Statutory guarantee payment
An employee may be entitled to a statutory guarantee payment on up to 5 "workless days" in a three-month period. A "workless day" is a day during any part of which the employee would normally be required to work in accordance with their contract, when the employee is not provided with work by their employer because of either of the following:
- There is a reduction in the requirements of the employer's business for work of the kind which the employee is employed to do.
- There is any other occurrence which affects the normal working of the business in relation to this type of work.
An employer may give notice ordering a worker to take statutory holiday on specified dates: reg 15(2). Such notice must be at least twice the length of the period of leave the worker is being order to take: reg 15(4).
This default notice provisions above can be amended or dis-applied, but only by a "relevant agreement", which means a written contract (including an employment contract), a collective agreement that is incorporated into the worker's contract, or a workforce agreement: reg.15(5) and reg 2.
This is about changing Ts & Cs which means you would ideally consult with employees and obtain their agreement to the change.

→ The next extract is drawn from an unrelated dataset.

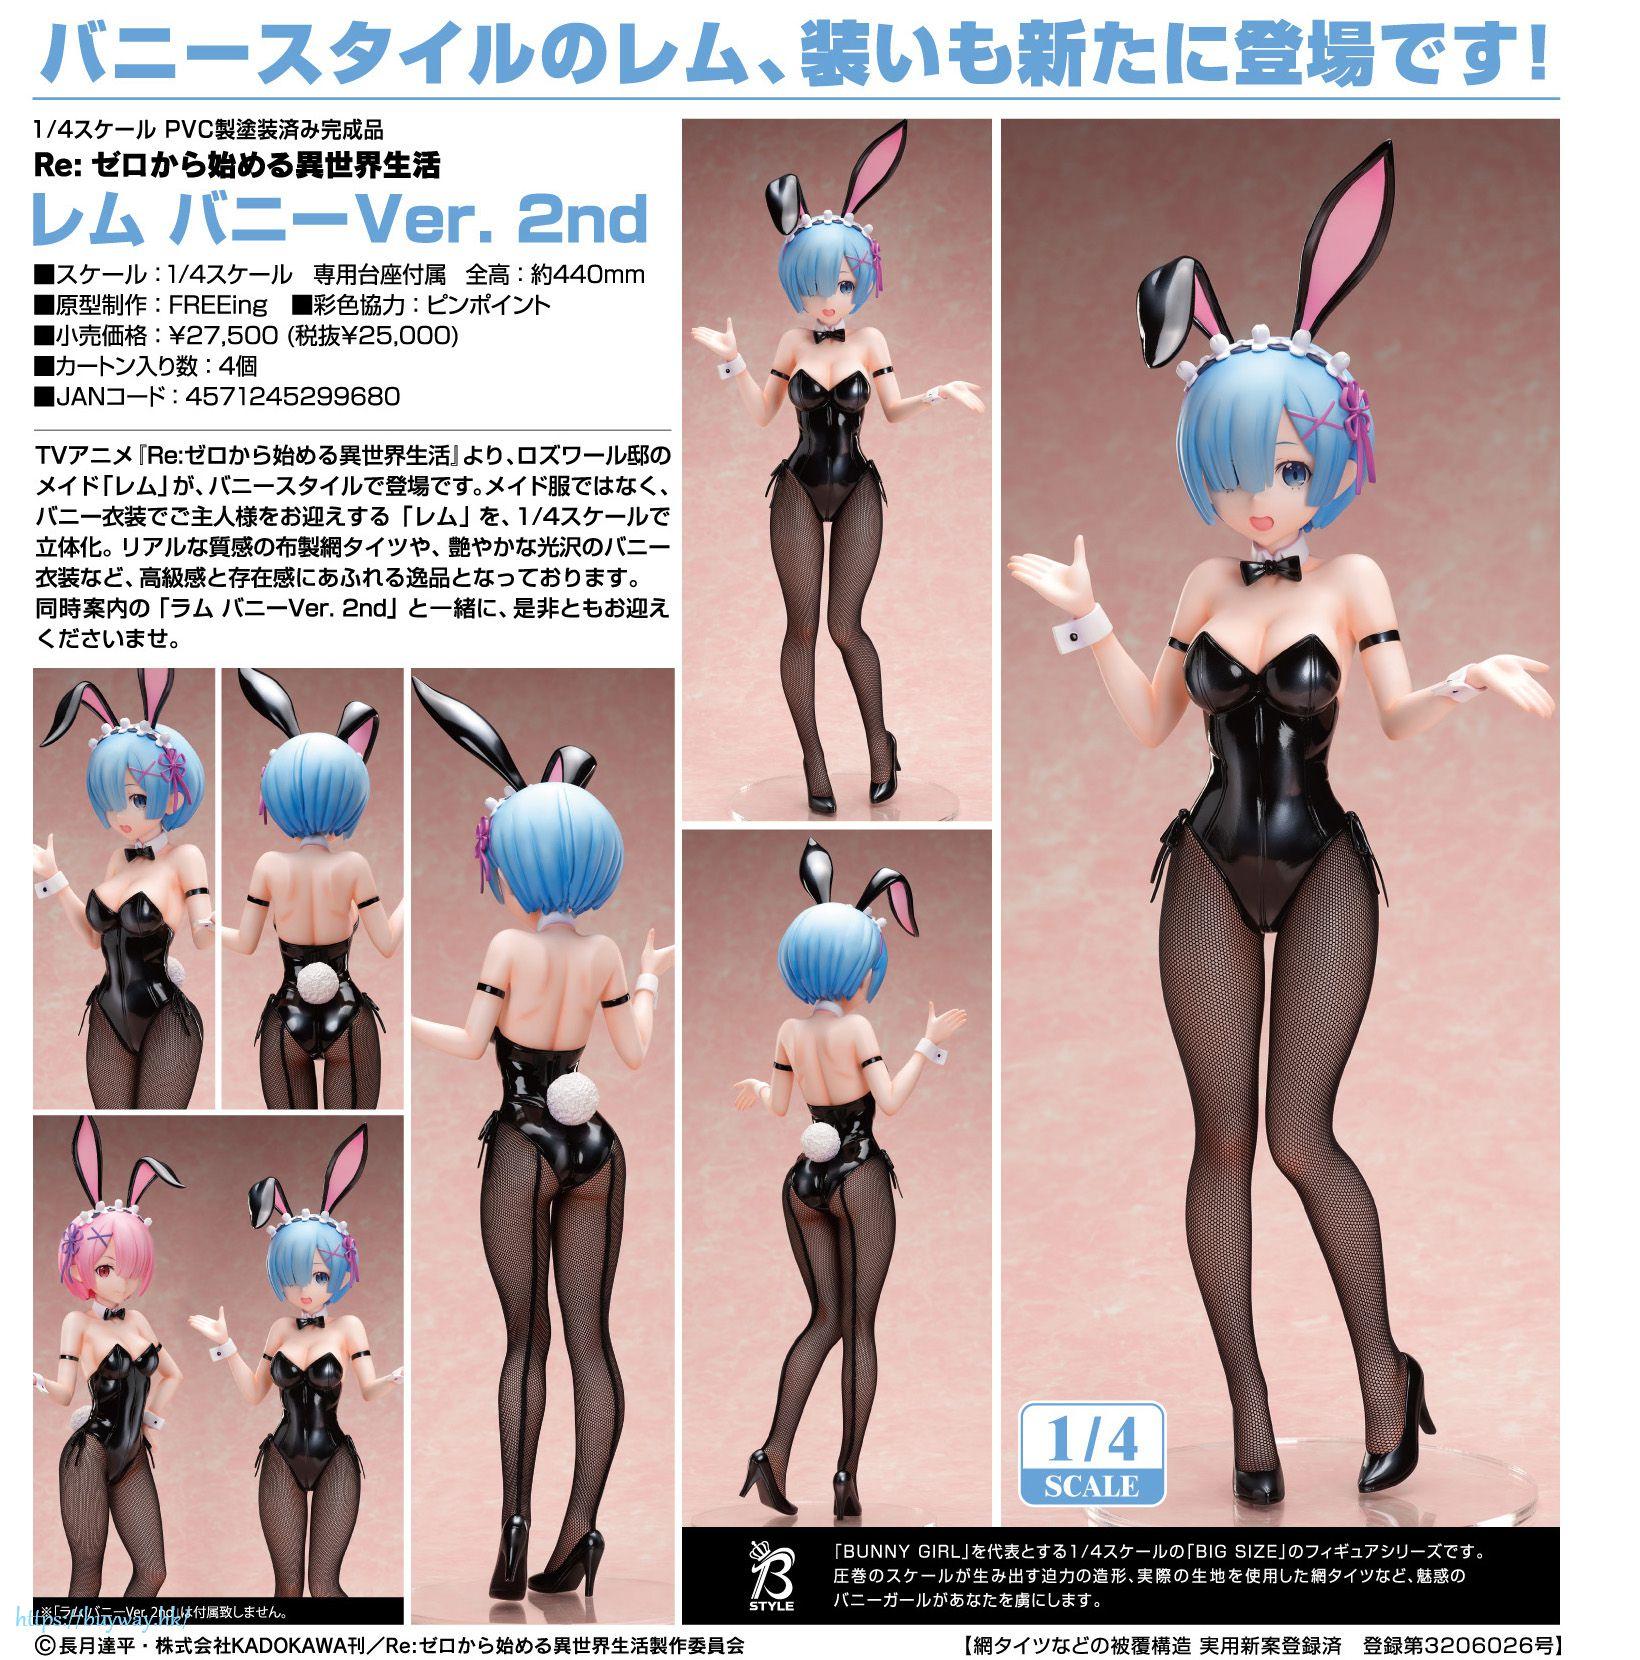 Re:從零開始的異世界生活 B-STYLE 1/4「雷姆」Bunny Ver. 2nd B-STYLE 1/4 Rem Bunny Ver. 2nd【Re:Zero】

If the change is positioned appropriately, there is reasonable likelihood of obtaining consent from employees as they would rather take a pay cut than face redundancies. For those who object, there is the option of “dismiss and re-engage”: Another consideration is National Living Wage (NLW) and whether there is scope to cut by a certain % without breaching the NLW.

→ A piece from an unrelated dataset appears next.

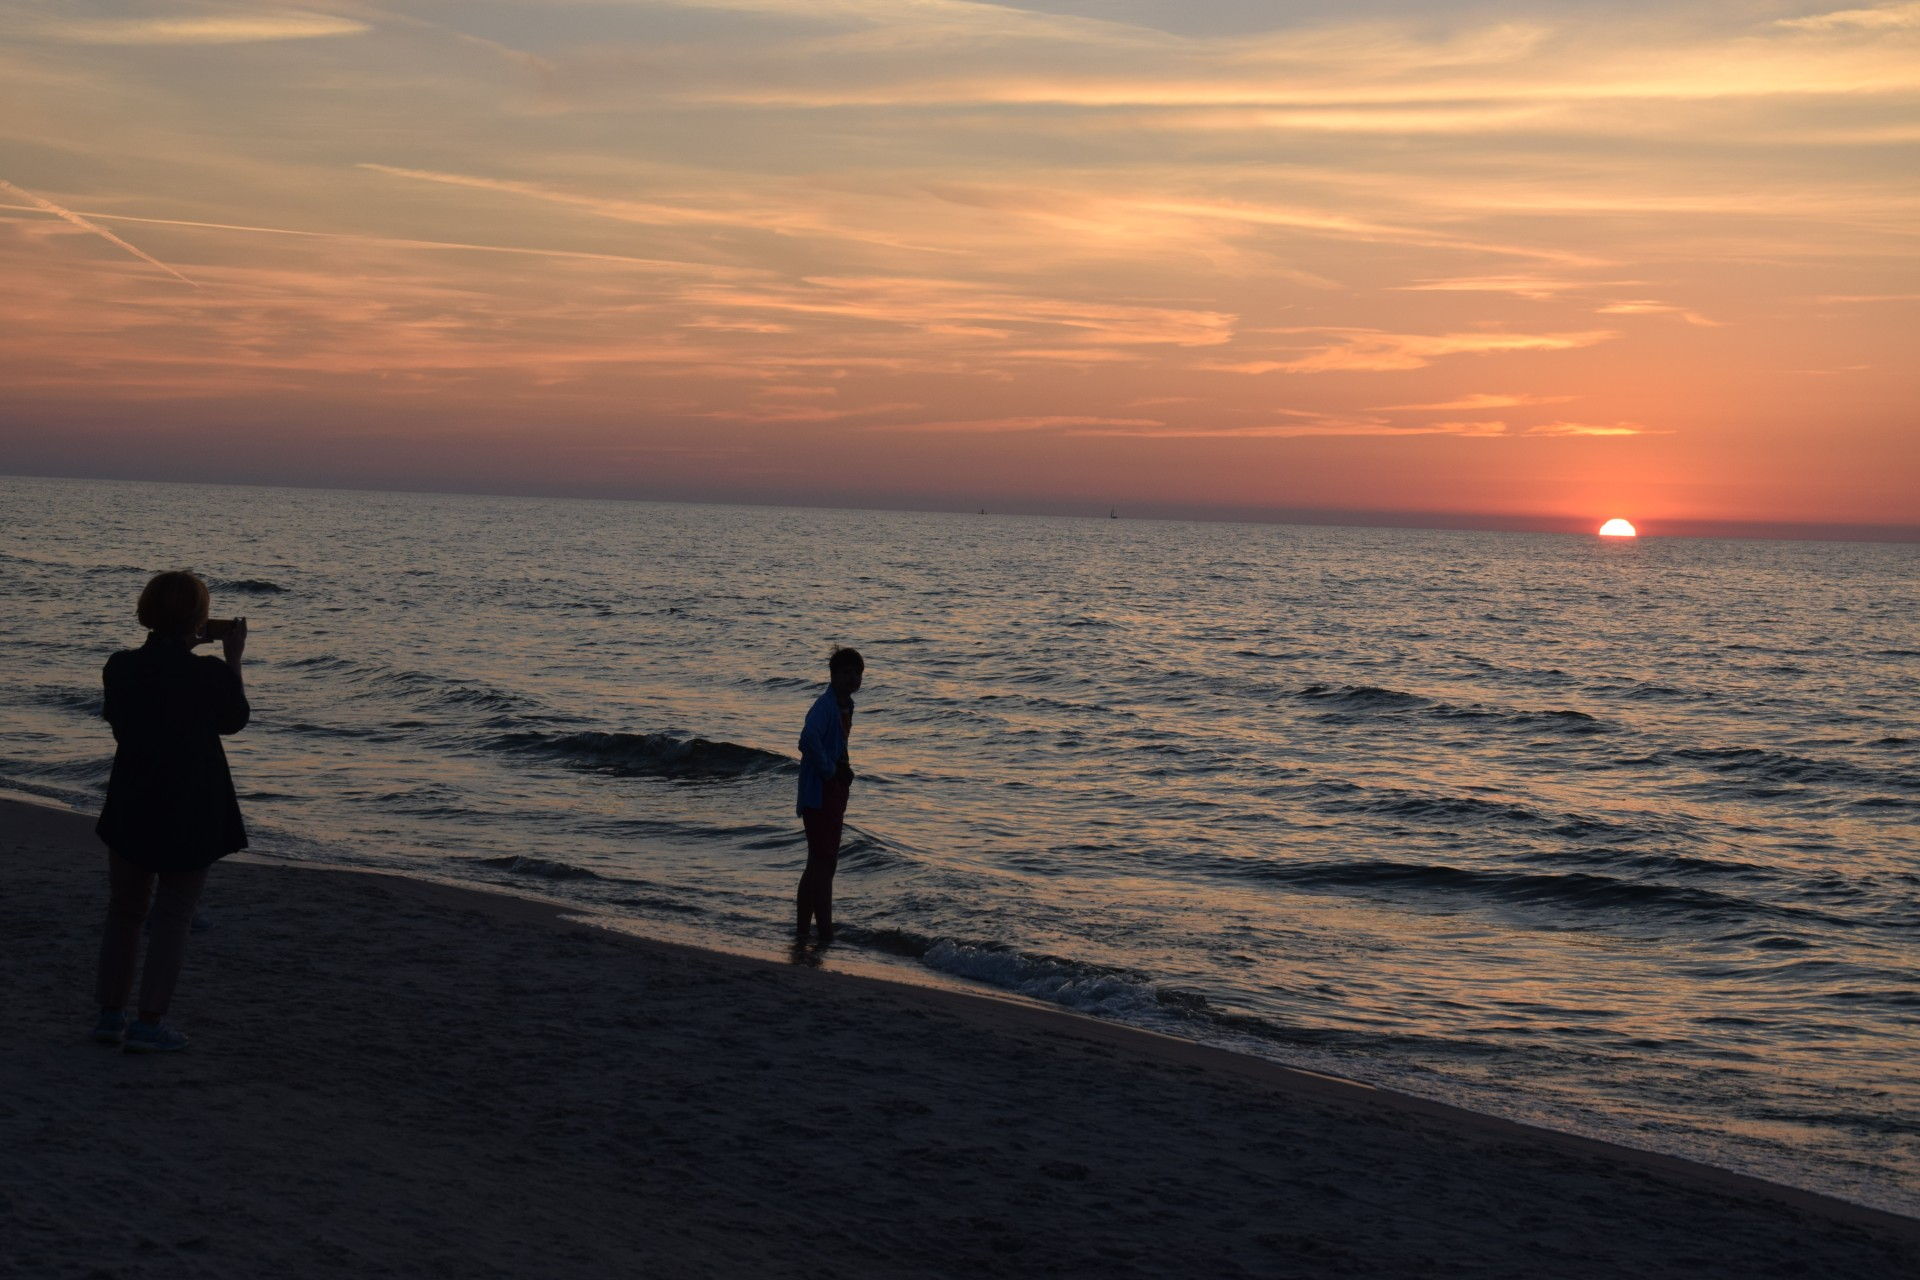 Kopalino, plaża. Nieopowiedziane historie [FOTOREPORTAŻ] 11

Two scenarios are envisaged:
i) offer was made and accepted by the employee(s);
ii) offer was made but not yet accepted by the employee(s).
i) The contract is binding on the parties but the employer can simply give notice to terminate the contract. Alternatively, the employer can agree to defer the start date with the employee.
ii) The employer can withdraw the offer given that it has not yet been accepted.
If the salary increase has been communicated as being from a specified date and without any conditions attached to it, then it will be binding. Please see above advice regarding salary reduction.
From Monday 23 March 2020 all in-person employment tribunal hearings (hearings where the parties are expected to be in attendance at a tribunal hearing centre) listed to commence on or before Friday 26 June 2020 are to be converted to telephone case management hearings or other electronic means which will take place (unless parties are advised otherwise) on the first day allocated for the hearing. If the case is set down for more than one day then parties should proceed on the basis that the remainder of the days fixed have been cancelled.
This direction also applies to any hearing that is already in progress on Monday 23 March 2020 and, if not already address before then, the parties may assume that the hearing on that day is converted to a case management hearing of the kind referred to above. In-person hearings listed to commence on or after 29 June 2020 will remain listed, in the meantime, and will be subject to further direction in due course.
Rule 46 ET Rules allows any hearing to be conducted by electronic communication (including telephone), provided the tribunal considers it just and equitable to do so, and where a hearing is to be in public, members of the public can hear what the tribunal can hear and see any witness a seen by the tribunal. The Presidents strongly encourage tribunals and parties to use electronic methods where this is feasible and compatible with the overriding objective.
s.4 ET Act allows claims that would ordinarily be heard by a panel of three to be heard by an employment judge sitting alone or with one lay member, if the parties consent. Judges are encouraged to explore with parties whether such consent may be forthcoming.